However, the drafters wrote the rule in the singular. An appeal may be
taken from an order. Thus, “a single appeal is incapable of bringing on for
review more than one [appealable] order, judgment or decree.” General
Electric Credit Corp. v. Aetna Casualty & Surety Co., 263 A.2d 448, 452
(Pa. 1970). In other words, “when a party seeks to appeal from two, separate
orders entered at the same docket number, the party must file two, separate
notices of appeal.” Howard v.
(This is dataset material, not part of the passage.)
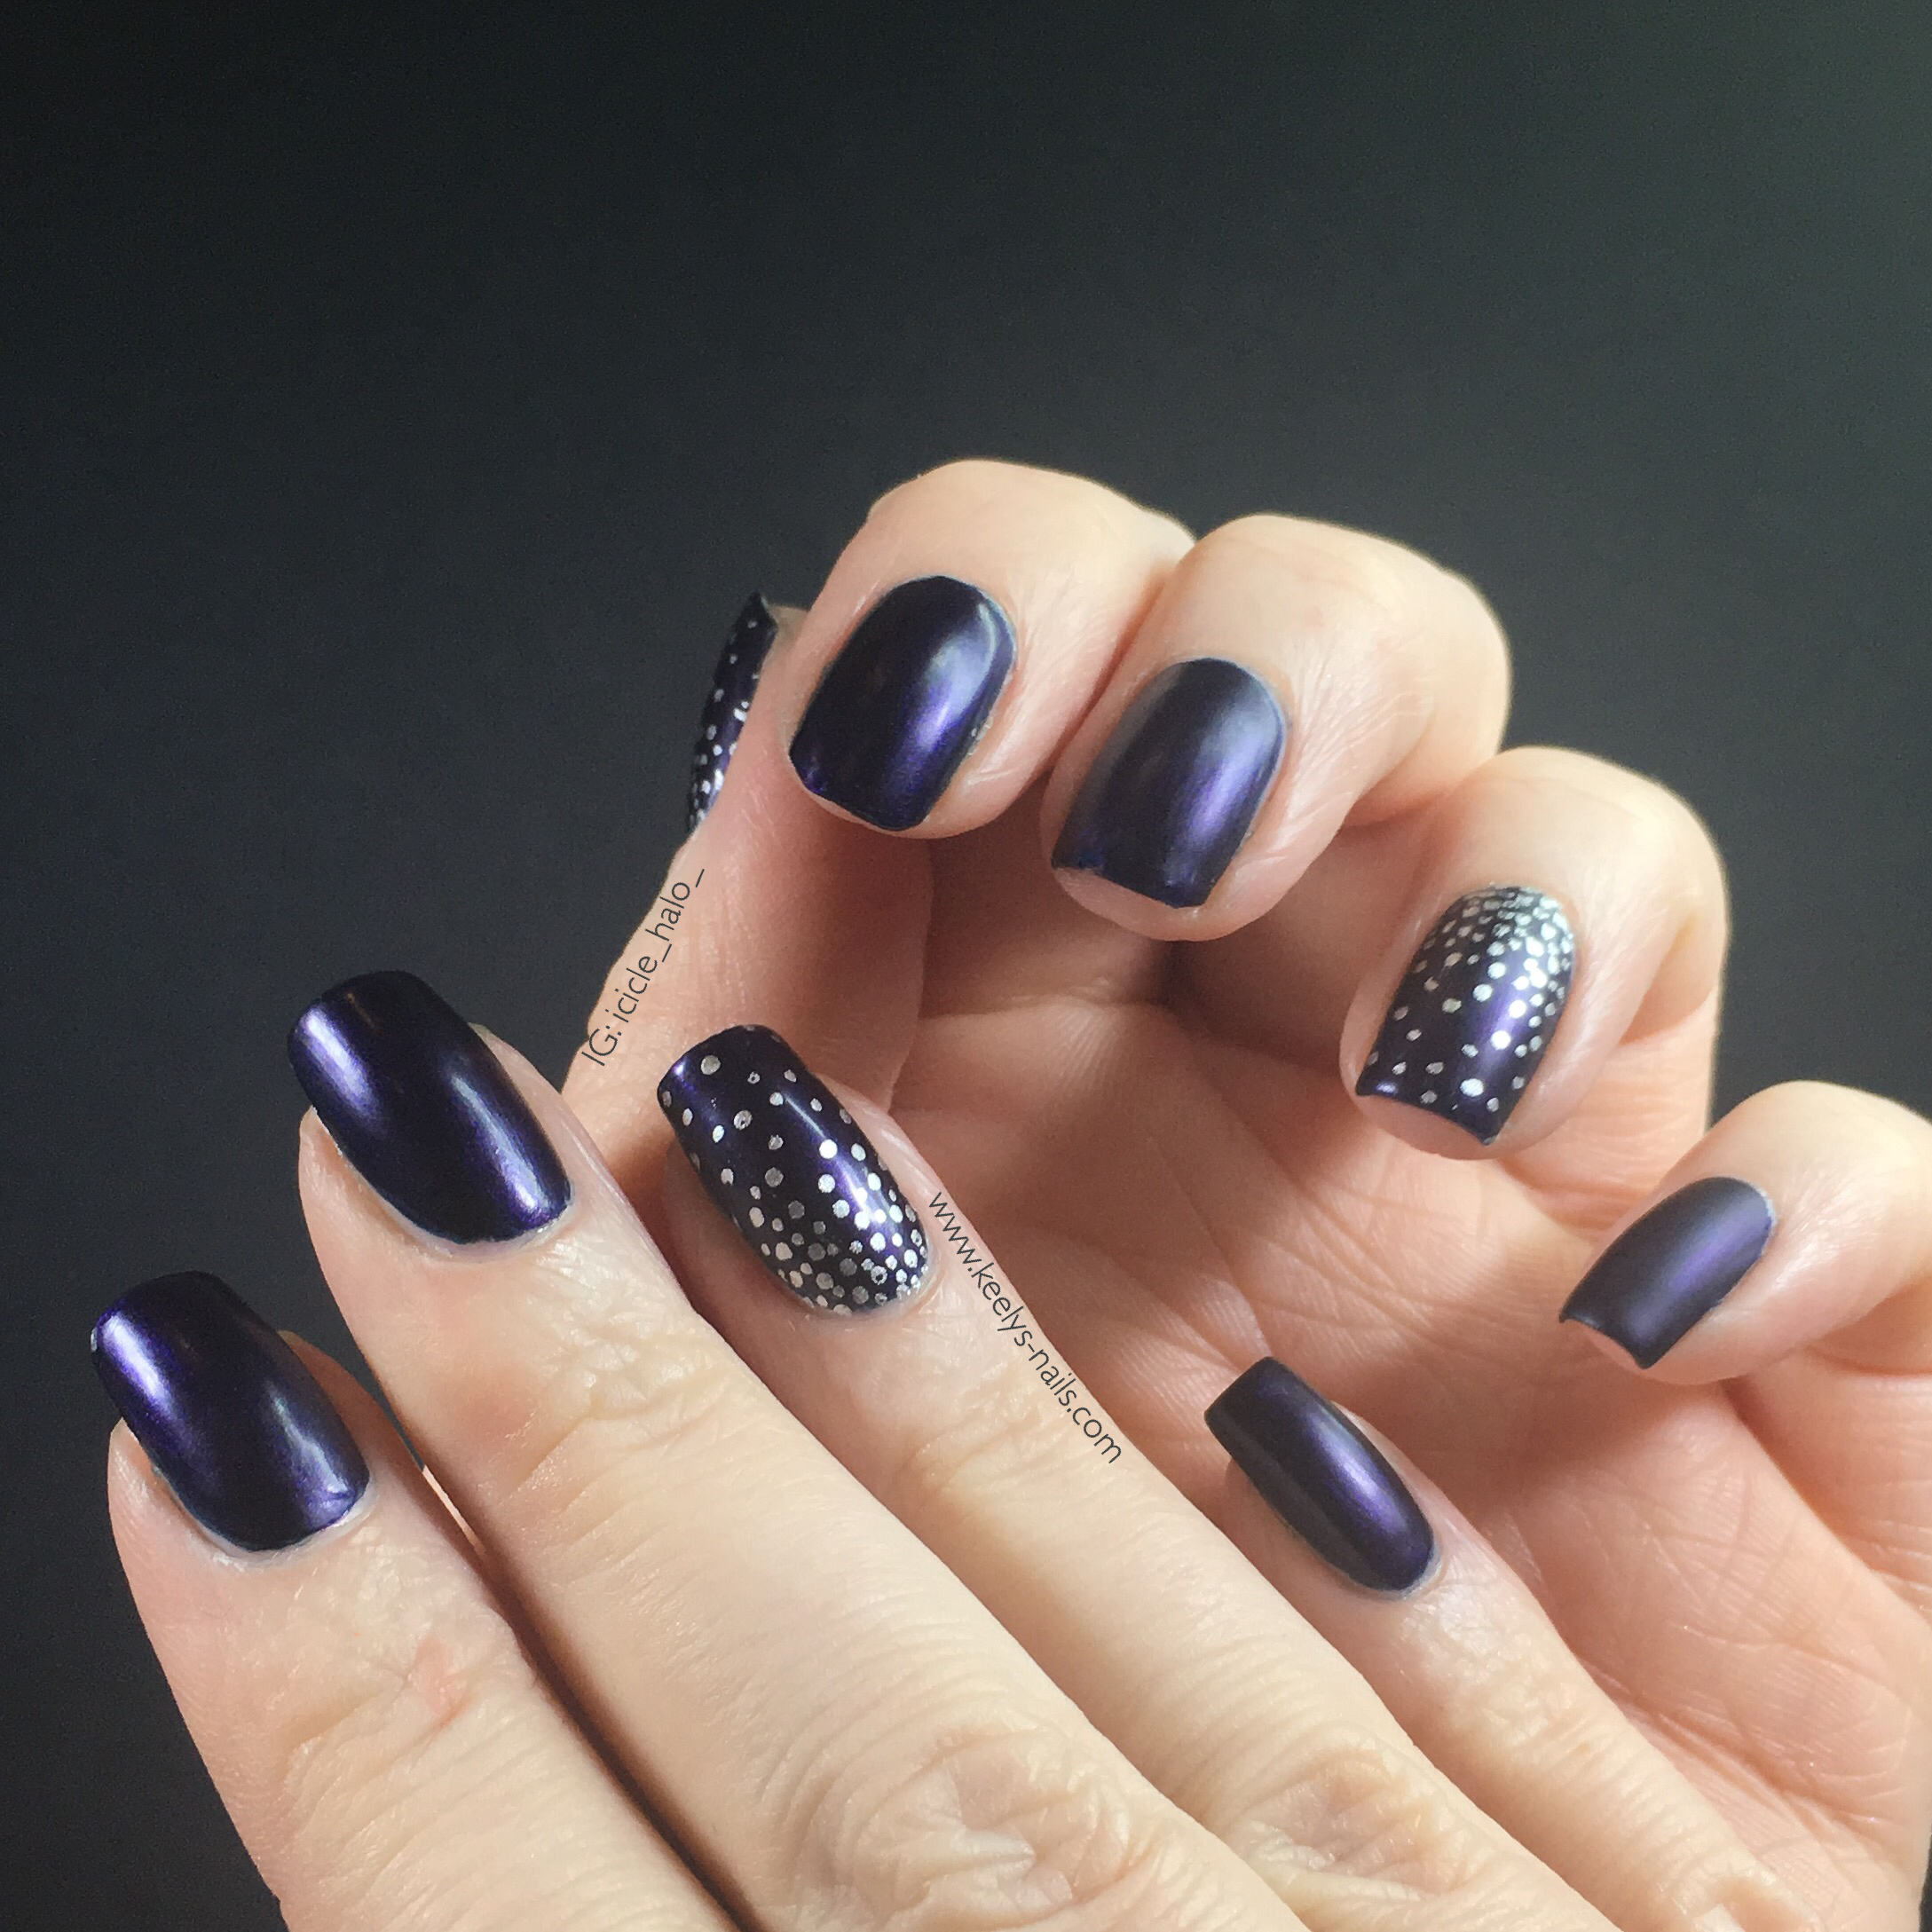 Easy nail art matte navy blue stamped silver - Keely's Nails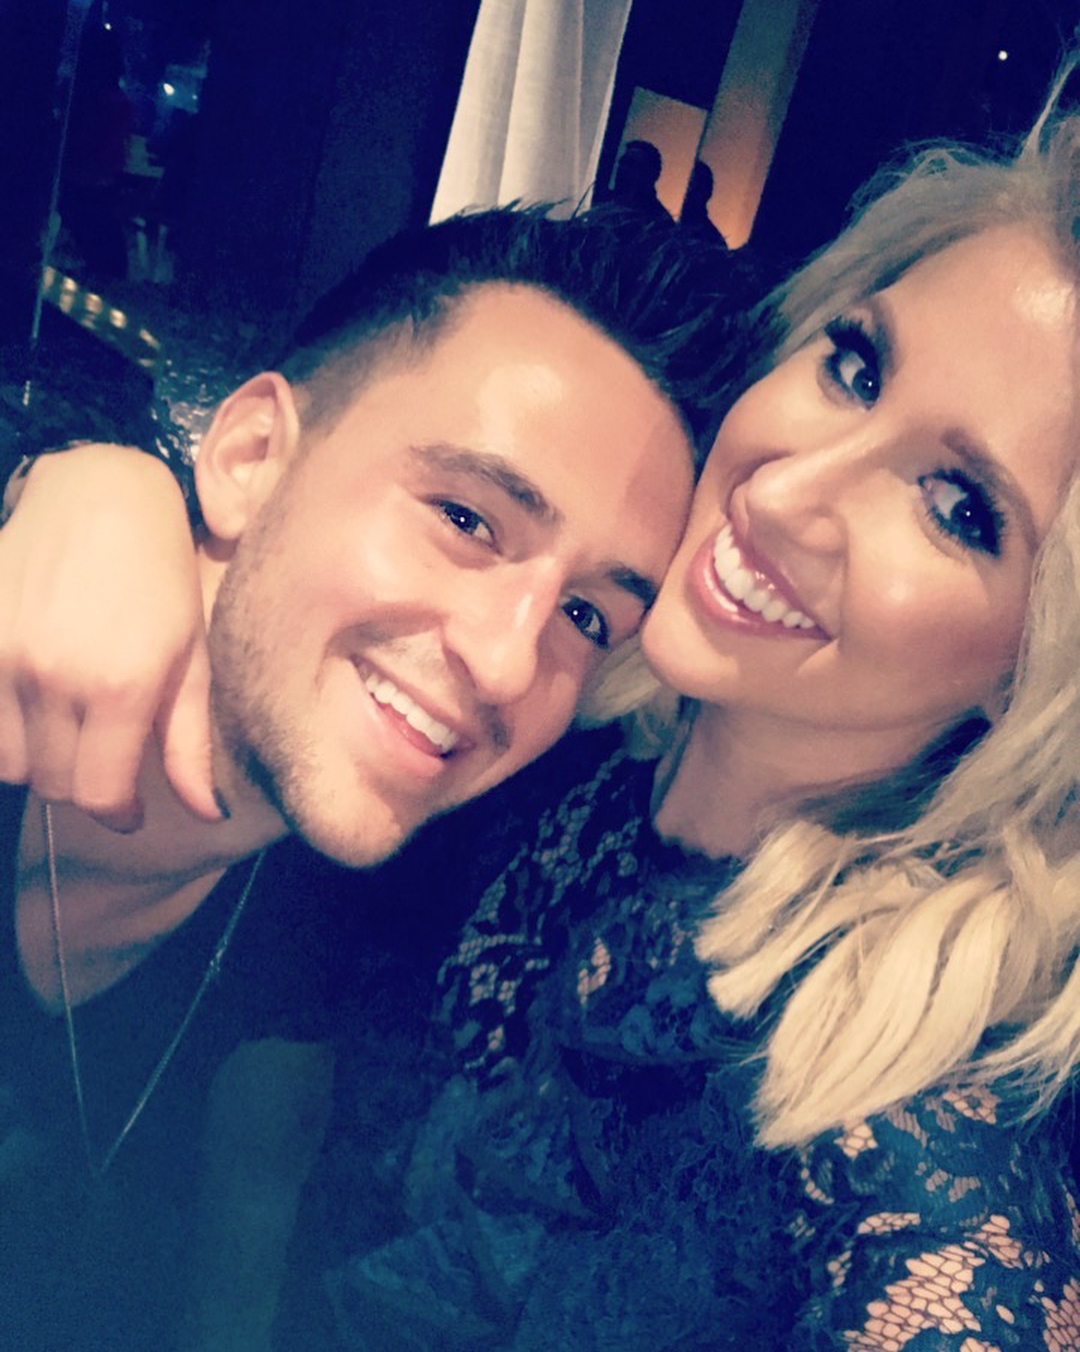 Savannah Chrisley goes Instagram official and gushes about new boyfriend Nic Kerdiles ...

First National Bank, 237 A.3d 440 n.1 (Pa.
Super. 2020).
Typically, if one notice of appeal is filed for multiple orders or judgments,
the appellants place the appellate court in the difficult position of deciding
which order or judgment the notice of appeal concerns. See, e.g., Frailey
Township School District v. Schuylkill Mining Co., 64 A.2d 788, 790 (Pa.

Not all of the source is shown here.